Dr Collier

Remembrance Day – 100 Years On

“God shall judge between the nations, and shall decide for many peoples; and they shall beat their swords into ploughshares, and spears into pruning hooks; nation shall not lift up sword against nation; neither shall they learn war anymore.”  

                                                                                                           Isaiah 2:4

Dear Students, Parents and Carers

As most Australians know, at 11.00am on 11/11/1918, the guns fell silent across the Western Front. This was the Armistice, which in effect was the end of the ‘war to end all wars’, known at the time as The Great War. Sadly, as we know, this was not the cessation forever of armed conflict, and so we understand this conflagration now as World War I, followed just 25 years later by World War II. 

The First World War was one conflict in a long line of wars in which Australians have paid the ultimate sacrifice: the Sudan War in 1885, the Boer War of 1889-1902, WWI 1914-1918, WWII 1939-1945, the Korean War 1950-1953, the Vietnam War, the dates of which were somewhat elastic, but through to 1975. Since that time, the nature of war has changed and sometimes it is undeclared but no less brutal. Australian military personnel and police have been involved in many places around the world, most noticeably Afghanistan, Borneo, East Timor, the Middle East and areas of the South Pacific.

How Australians have regarded Remembrance Day and its companion, Anzac Day, has varied over the decades in the last century. At times, these formalities have nearly died out, to be revived periodically by politicians for, frankly, electoral purposes. Some have seen the coupling of Anzac Day and Remembrance Day as a reductionist form of civic religion. Some have challenged the motives of Australians who have served overseas, pointing to the naïve notions of some WWI volunteers that they were going on a lark, a paid holiday to see the world.  Against that needs to be balanced the fledgling nation’s powerful loyalty to the British Empire, such that defending the Empire was a duty and a moral imperative. Indeed, even by the time of my primary school education in the 1950s in Australia, history lessons were essentially an expression of British nationalism, if not actually jingoism. It is no wonder that young men and women felt a powerful call to serve, even at the cost of their lives. By WWII, with Japanese advances through the Pacific, Australia was facing the real and very near prospect of invasion, particularly as the Japanese Army proceeded down the Kokoda Trail, and so defending Australia was a very real imperative. My own parents joined the Royal Australian Air Force (RAAF) after the rapid sequence of the fall of Singapore, the sinking of two British capital ships off Singapore and the Japanese bombing of Pearl Harbour.

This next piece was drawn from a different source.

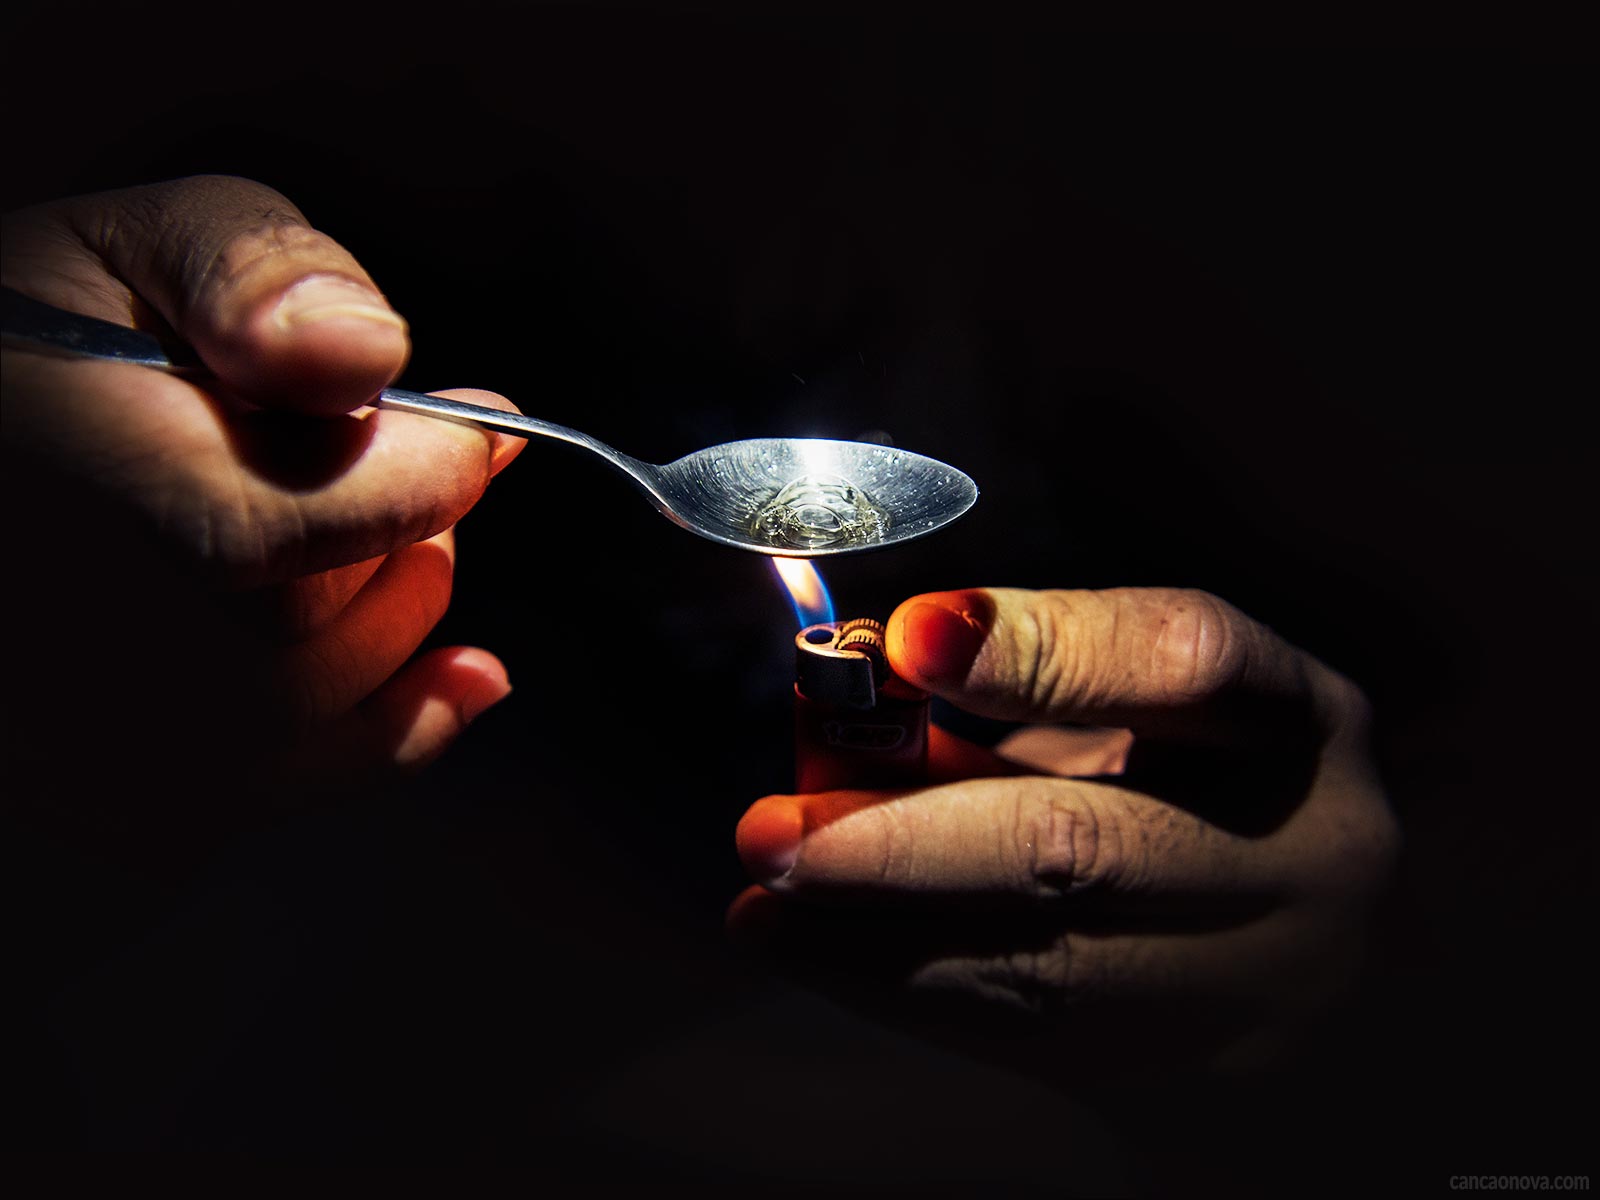 Como se livrar dos vícios trazidos pelo uso de drogas?

Controversies have raged over the relativities between appearing to celebrate war as against paying respect to those who have served so sacrificially. The former view, that remembrance was now passe, was perhaps nourished by the end of the Cold War in 1989-1991, with the collapse of the Berlin War and the break-up of the Soviet Union. At this historical moment, the United States was left alone as the world’s sole ‘superpower’ and historian Samuel Huntington famously proclaimed it was “the end of history”. By this he meant that democracy and liberalism had won and the ‘Pax Americana’ (American Peace) had settled permanently on the world. We now know that his confidence was premature! We now have a second superpower, China, flexing its muscles in a new Cold War, as well as rogue nuclear armed states, such as North Korea, providing a level of unpredictability. The conflict in Ukraine is very much a hot war, as a result of Russian imperial ambitions. The notion that wars would cease in this terrestrial existence is far too optimistic a view of human nature, which includes the posturing of dictators and the exigencies of realpolitik. Sadly, it seems, wars will only cease at the end of the age, when God puts all things right. “God shall judge between the nations, and shall decide for many peoples; and they shall beat their swords into ploughshares, and spears into pruning hooks; nation shall not lift up sword against nation; neither shall they learn war anymore.” (Isaiah 2:4). 

What does all this have to do with Shore? I hope our boys honour the memory of Australian men and women who have served nobly for our country, both those long gone and those who have been involved in recent military and police activity. We particularly should remember the mostly young Shore men who have given their lives in these conflicts.   

I would also hope that our boys will have a broad perspective, understanding that war is horrific, but an aspect of the human condition, and from which we cannot necessarily protect them in the future, as their lives unfold through adulthood. I want their realism about this to be tempered by their gratitude and respect. Australians in the past, including many Shore men, have made the ultimate sacrifice so we can live in the comfort we enjoy.  Lest We Forget.